Sometimes, when good restaurants franchise out, attention to detail and quality standards can dip. As I already mentioned, Jolly Pumpkin’s reputation for granite-baked pizza is strong. However, on my first visit, the Popeye pizza with smoked chicken ($20) was lackluster at best. The chicken was the sole source of flavor. Who would’ve thought spinach, shaved garlic, preserved lemon, extra-virgin olive oil, Parmesan and fresh mozzarella could produce such a bland, lifeless combination? I can’t imagine ordering this pizza without a protein add-on. It was disappointing, to say the least. 

Also missing the mark was the Seared Sesame Tuna ($16.75). A few of the Thai-sauced bites were absolutely delicious, but the unevenness in the compilation of the dish was bizarre. Some pieces of tuna were seared appropriately, but others were way overdone. Some of the garlic-Parmesan crostini were too soft, and other pieces were hard as a rock. Some of the Asian-inspired bruschetta bites were draped in cilantro, but others had none. The kitchen could stand to keep a keener eye on consistency. 

What’s really good

My love for burgers is well documented at this point, and I have a new fondness for Jolly Pumpkin’s Lamb Burger ($18). Spiced with cumin and topped with garlicky spinach, a fried egg and roasted-onion aioli, this handheld was juicy, flavorful and filling. I loved the runny yolk combined with the spinach, aioli and the crusty bark of the grilled lamb patty. It was a delightful mess and required multiple napkins. 

The side of truffle fries ($2.50) came with a choice of sauce. I tried both the smoky aioli and the bright turmeric aioli, and each was wonderful. 

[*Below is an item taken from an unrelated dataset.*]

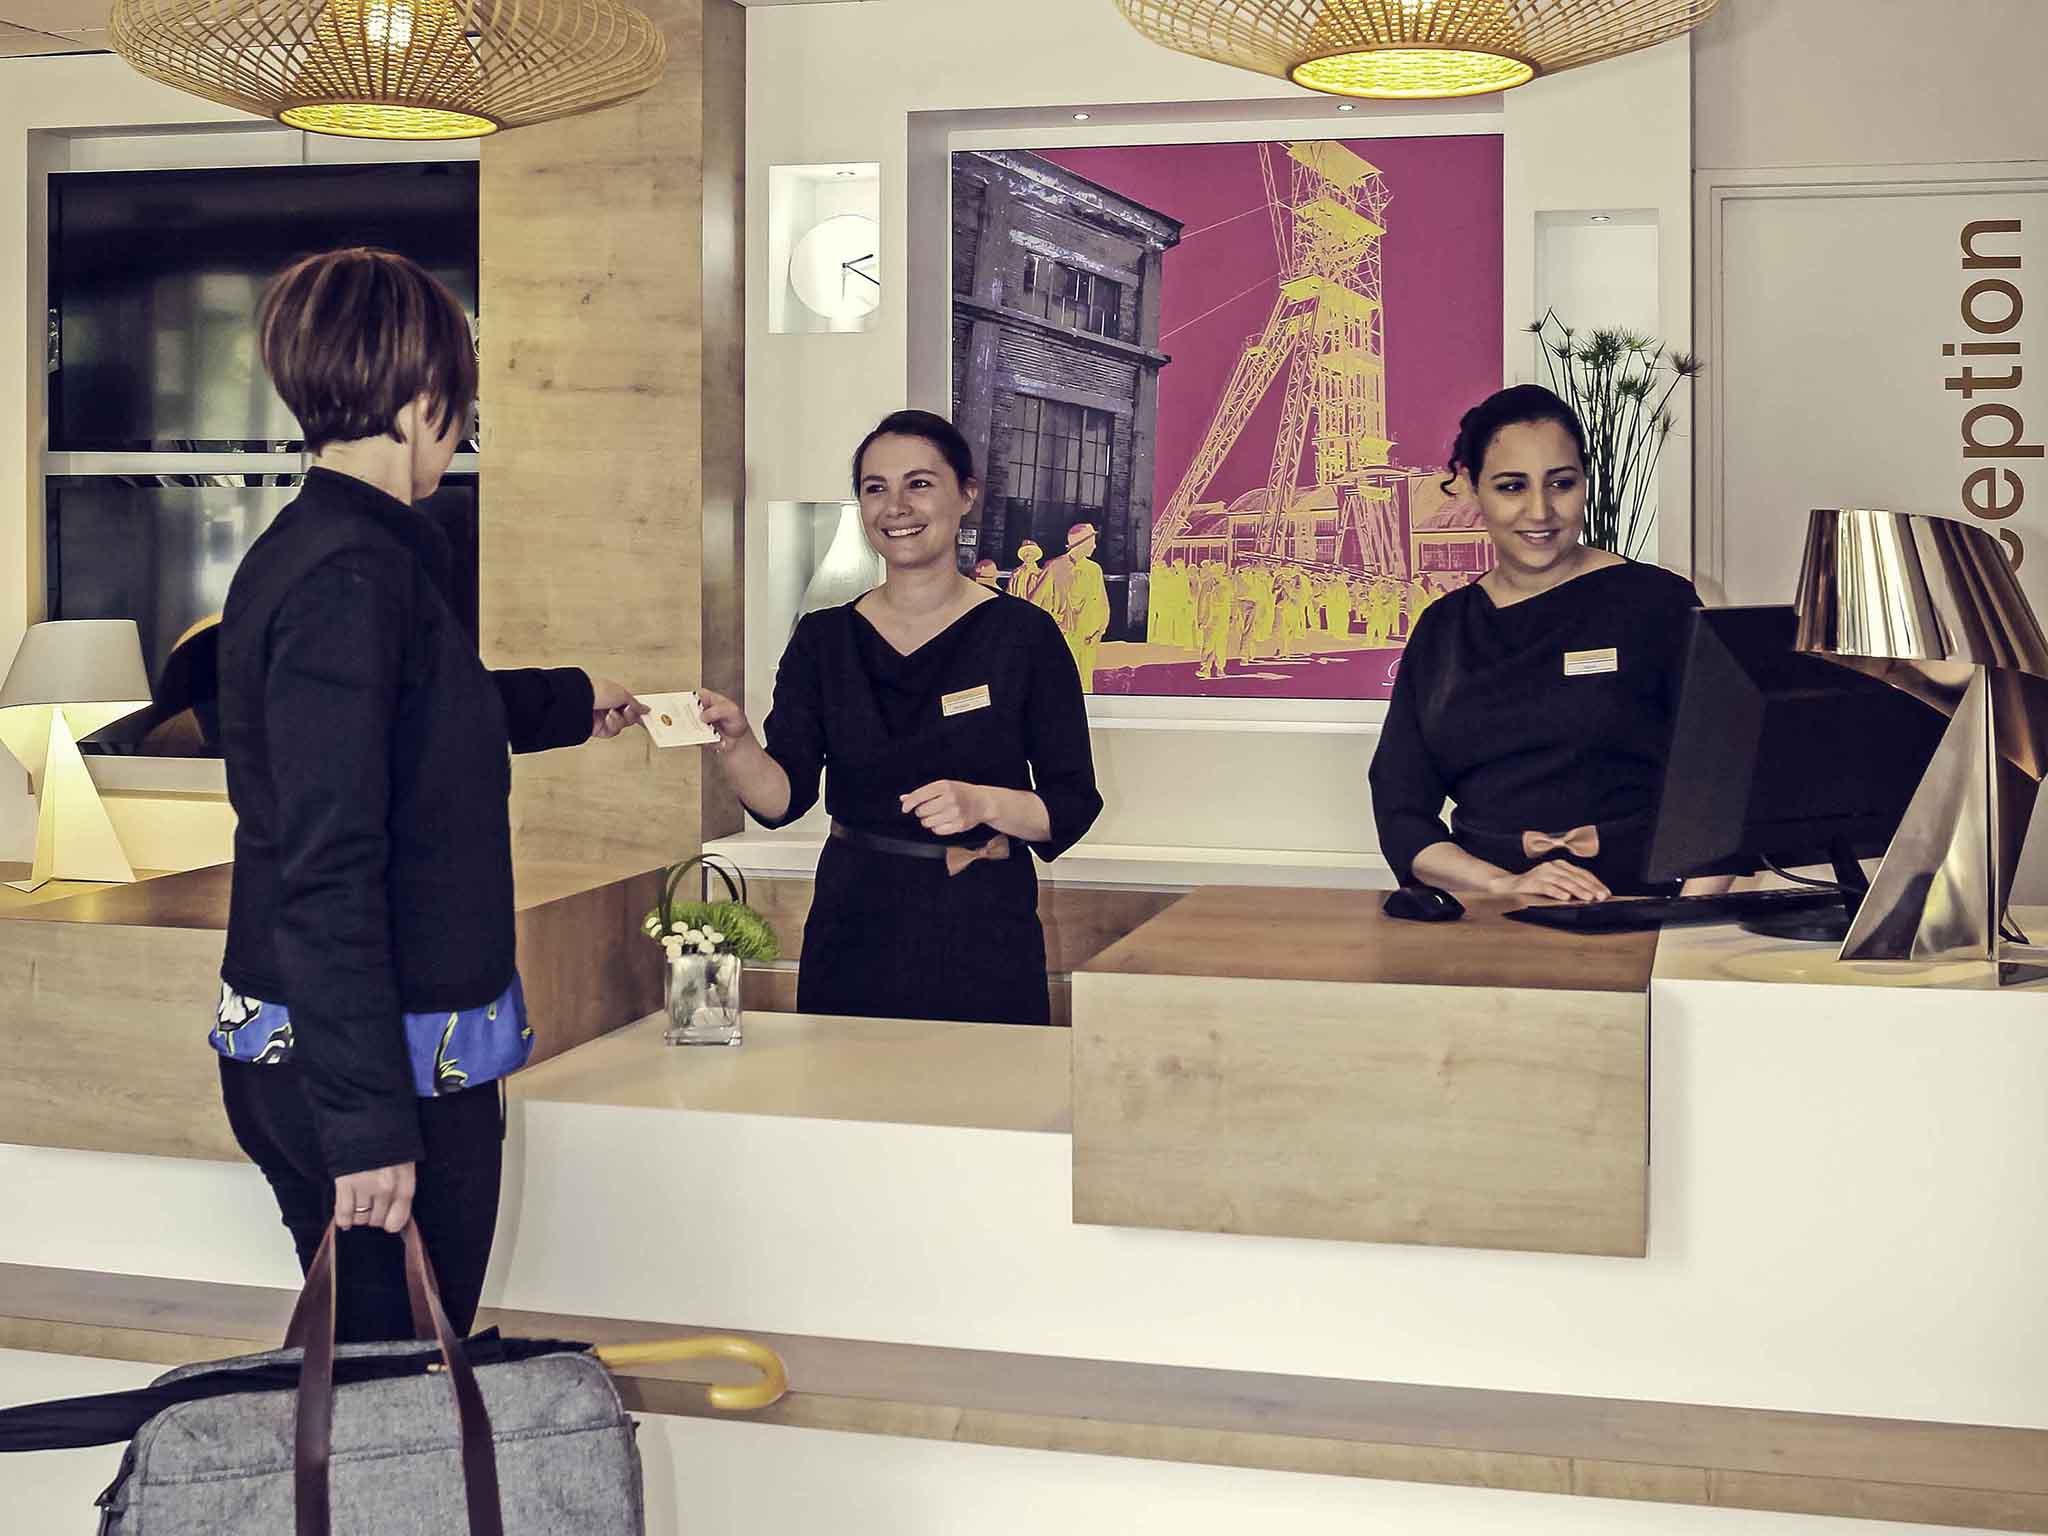 فندق - Hôtel Mercure Forbach
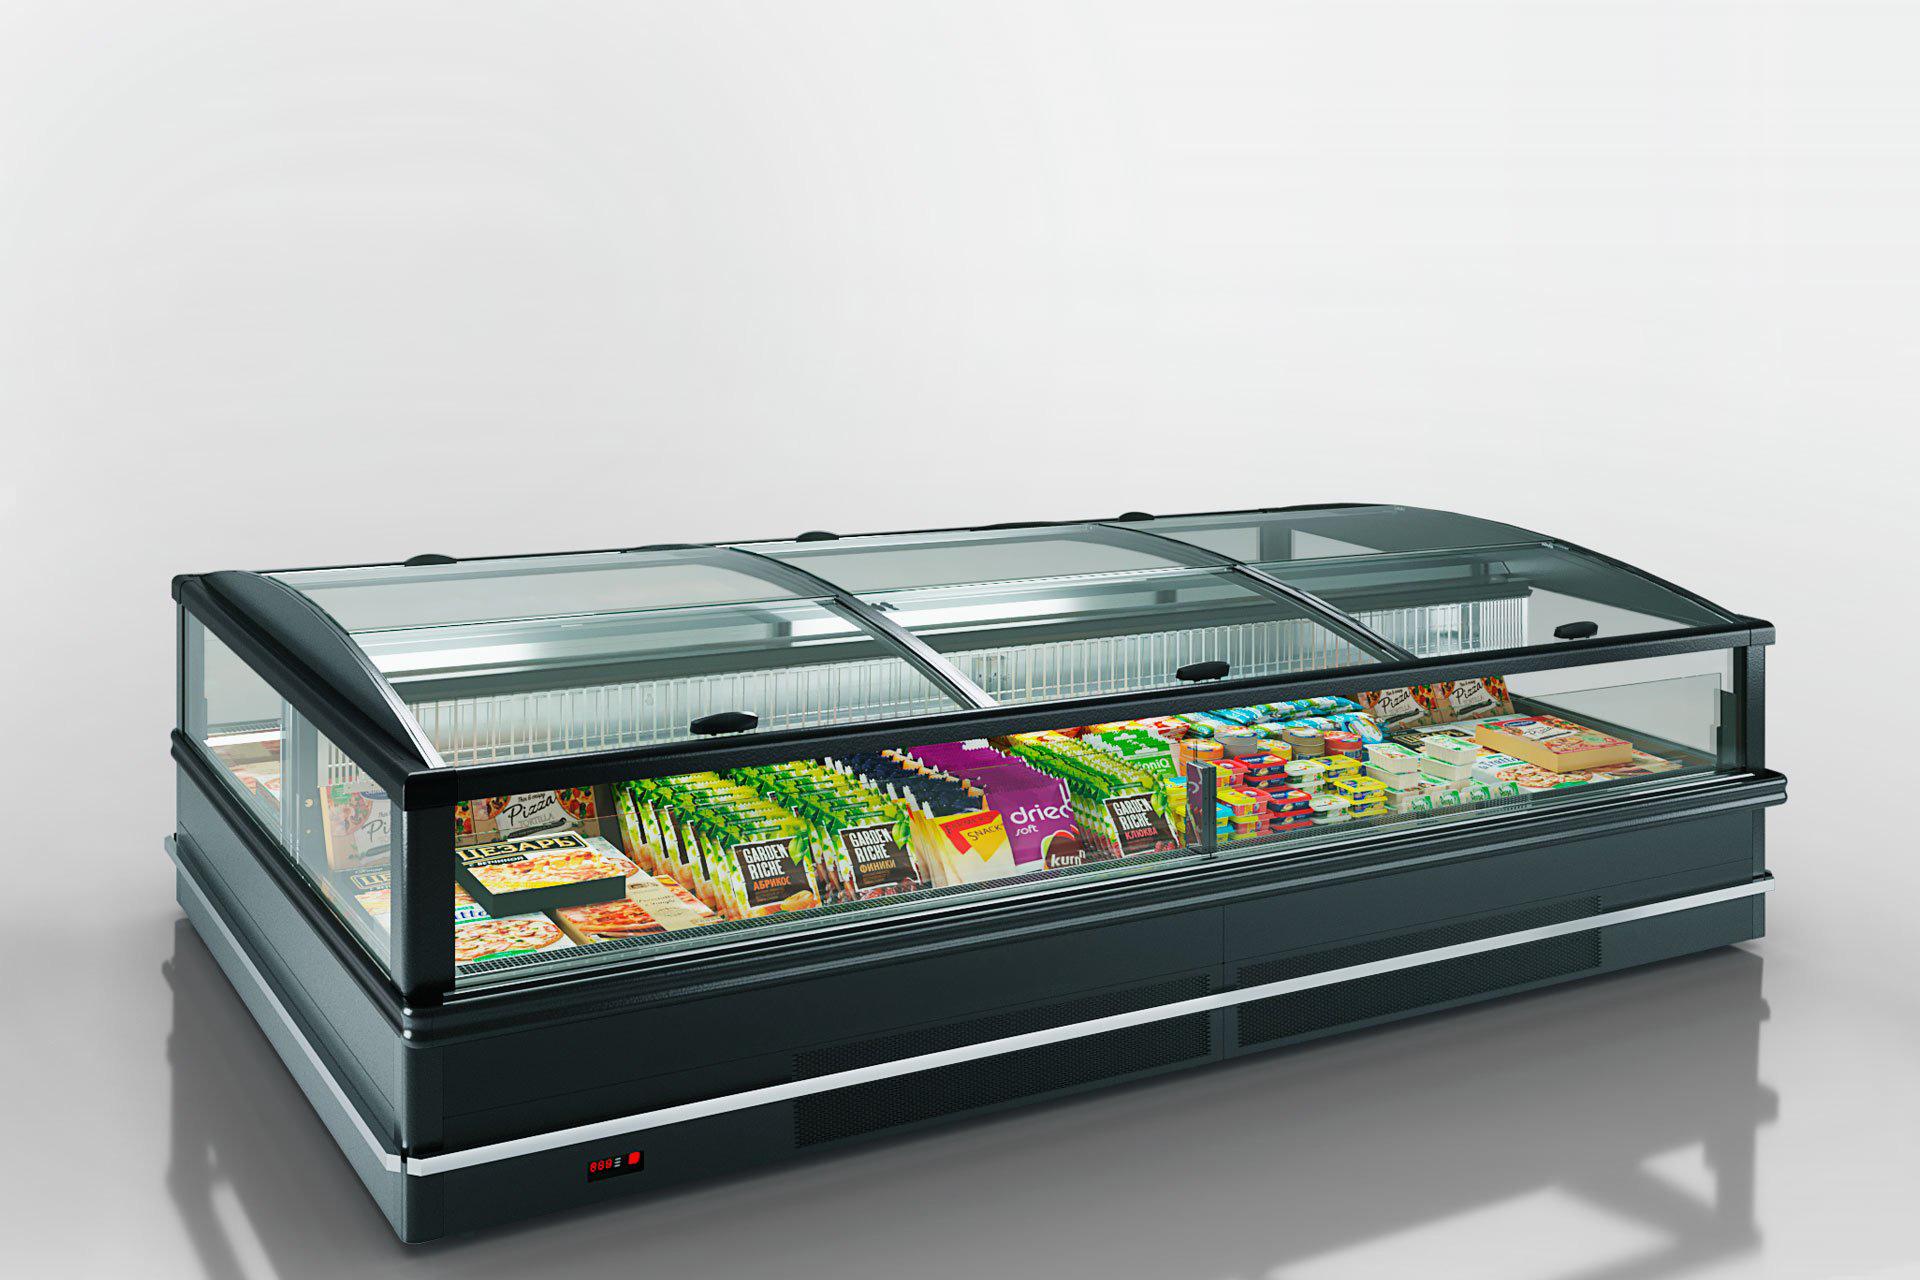 Frozen foods unit Alaska DE AH 160/200 LT C 100-SLA

Another strong dish was the Candied Brussels Sprouts ($12.50) with bacon and Parmesan. Bathed in a sweet and spicy honey sauce, the sprouts were crisped well, while the tangy but sweet flavor profile struck a balanced chord. 

Best bite

One of the restaurant’s summer specials is a slamming BBQ Salad ($16). A still-steaming smoked chicken breast arrived atop a bed of romaine, surrounded by corn, peppers and red onion. I was enamored with the pairing of barbecue sauce and jalapeño ranch dressing, which may seem odd, but I promise it worked. A final lovely touch was found in the cornmeal-breaded onion straws, which provided a perfect crunch in every bite.